On voting rights

Attorney General Eric Holder was in Austin last week to give a speech on voting rights and the things the Justice Department is doing to protect them. No, the location was not an accident.

Giving his most expansive speech on civil rights since taking office, the nation’s chief law enforcement officer declared that “we need election systems that are free from fraud, discrimination and partisan influence — and that are more, not less, accessible to the citizens of this country.”

He urged the country to “call on our political parties to resist the temptation to suppress certain votes in the hope of attaining electoral success.”

“Instead, encourage and work with the parties to achieve this success by appealing to more voters,” Holder said during an appearance in Austin, Texas.

Currently, the Justice Department is reviewing new requirements in Texas and South Carolina requiring voters to produce a photo ID before casting ballots. The department also is examining changes that Florida has made to its electoral process — imposing financial penalties on third-party voter registration organizations like the League of Women Voters when they miss deadlines and shortening the number of days in the early voting period before elections.

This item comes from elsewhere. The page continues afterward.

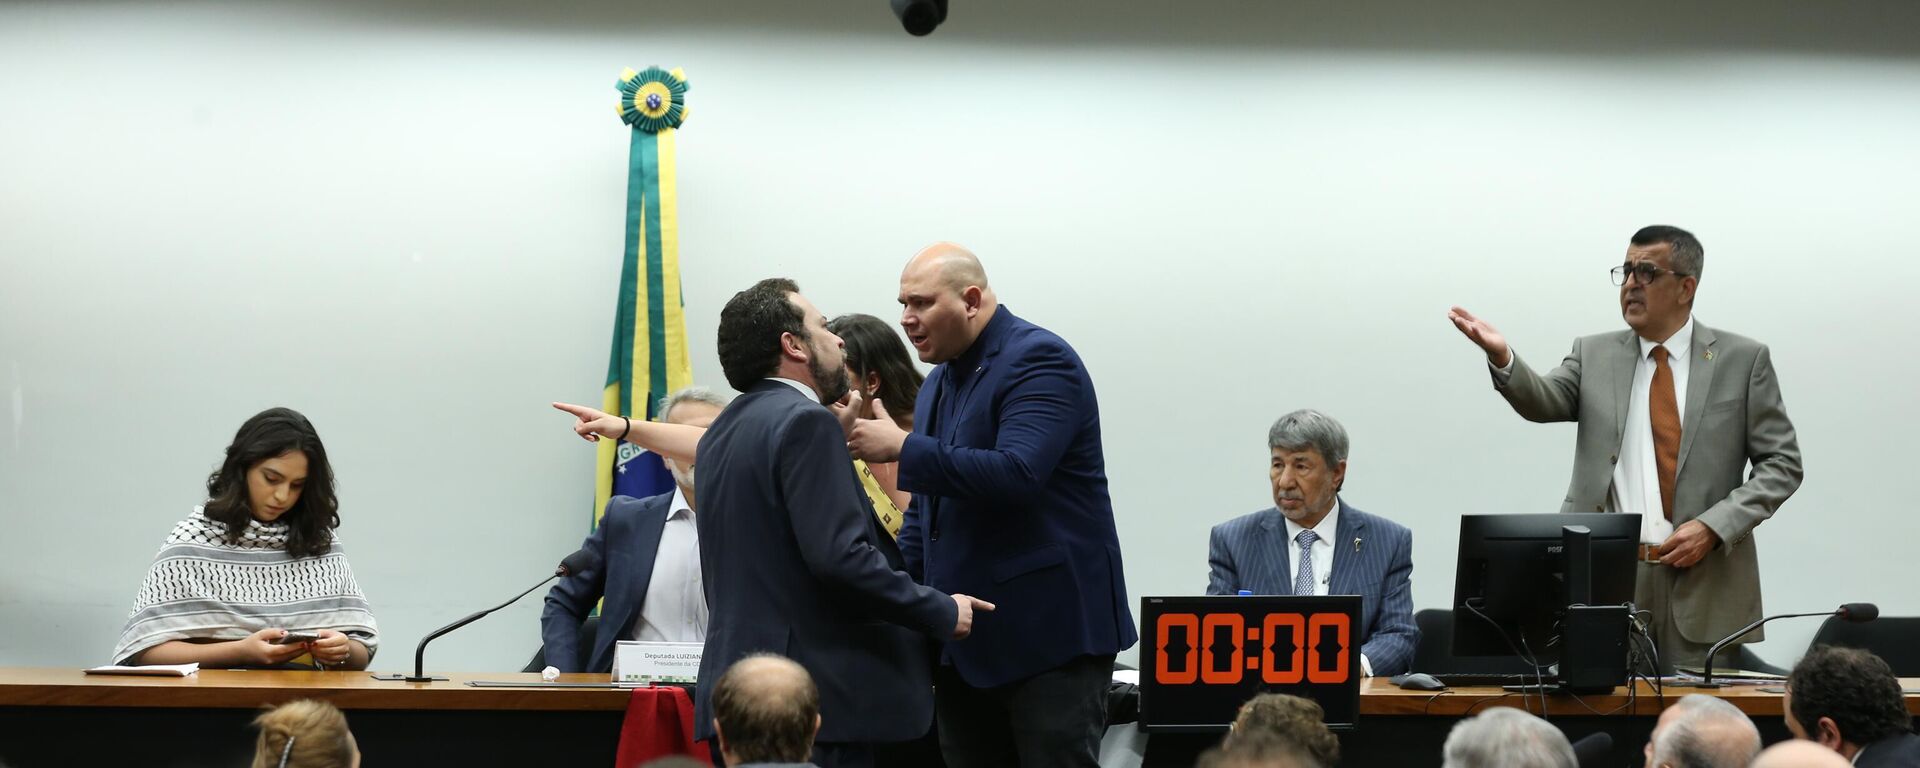 Ato na Câmara dos Deputados a favor da Palestina causa confusão entre os deputados Guilherme Boulos (Psol-SP), à esquerda, e Abilio Brunini (PL-MT), à direita - Sputnik Brasil, 1920, 14.11.2023
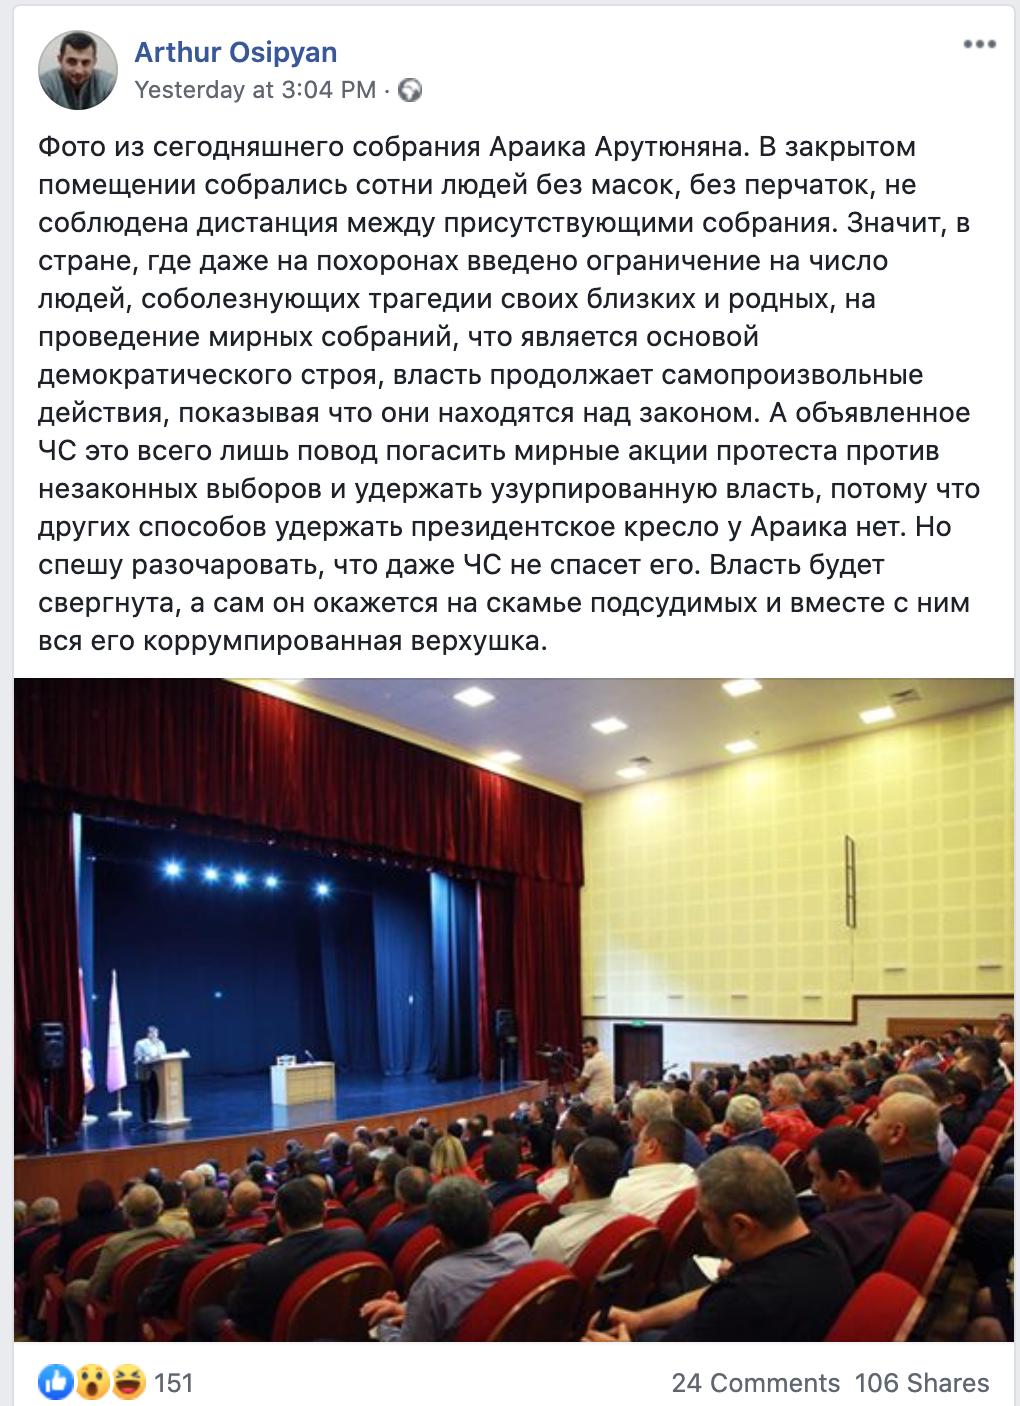 Скриншот поста на странице Артура Осипяна в Facebook. https://www.facebook.com/arthur.osipyan.902/posts/560709661512757

The Justice Department has its work cut out for it. Holder’s remarks as prepared are here. One thing to highlight:

One final area for reform that merits our strongest support is the growing effort – which is already underway in several states – to modernize voter registration. Today, the single biggest barrier to voting in this country is our antiquated registration system. According to the Census Bureau, of the 75 million adult citizens who failed to vote in the last presidential election, 60 million of them were not registered and, therefore, not eligible to cast a ballot.

All eligible citizens can and should be automatically registered to vote. The ability to vote is a right – it is not a privilege. Under our current system, many voters must follow cumbersome and needlessly complex voter registration rules. And every election season, state and local officials have to manually process a crush of new applications – most of them handwritten – leaving the system riddled with errors, and, too often, creating chaos at the polls.

Fortunately, modern technology provides a straightforward fix for these problems – if we have the political will to bring our election systems into the 21st century. It should be the government’s responsibility to automatically register citizens to vote, by compiling – from databases that already exist – a list of all eligible residents in each jurisdiction. Of course, these lists would be used solely to administer elections – and would protect essential privacy rights.

We must also address the fact that although one in nine Americans move every year, their voter registration often does not move with them. Many would-be voters don’t realize this until they’ve missed the deadline for registering, which can fall a full month before Election Day. Election officials should work together to establish a program of permanent, portable registration – so that voters who move can vote at their new polling place on Election Day. Until that happens, we should implement fail-safe procedures to correct voter-roll errors and omissions, by allowing every voter to cast a regular, non-provisional ballot on Election Day. Several states have already taken this step, and it’s been shown to increase turnout by at least three to five percentage points.

These modernization efforts would not only improve the integrity of our elections, they would also save precious taxpayer dollars.

I’m not really sure that the ability to vote is considered a right in this country, because if it were it wouldn’t be so easy to deny people the ability to vote. Voter ID legislation, which is designed to make it harder to vote, is working as intended. Voter registration has declined in Harris County over the past decade even as the population has boomed thanks in large part to the tireless effort of the Tax Assessor to purge the rolls. Basically, you can’t vote unless you prove you’re eligible and you haven’t been knocked out by some bureaucratic paperwork requirement. In a country that viewed the ability to vote as a right and not a privilege, you’d think it would be the other way around. Innocent until proven guilty, as it were.

Note, by the way, that the technological solution Holder outlines is in its own way a form of voter ID. The difference is that it’s the responsibility of the government to ensure every voter is accounted for and has the required identification to be able to cast a vote. It’s putting the burden on the voter that makes these laws so incompatible with the notion that we have the right to be able to vote. If something can be taken away by the whim of a bureaucrat, it’s not a right.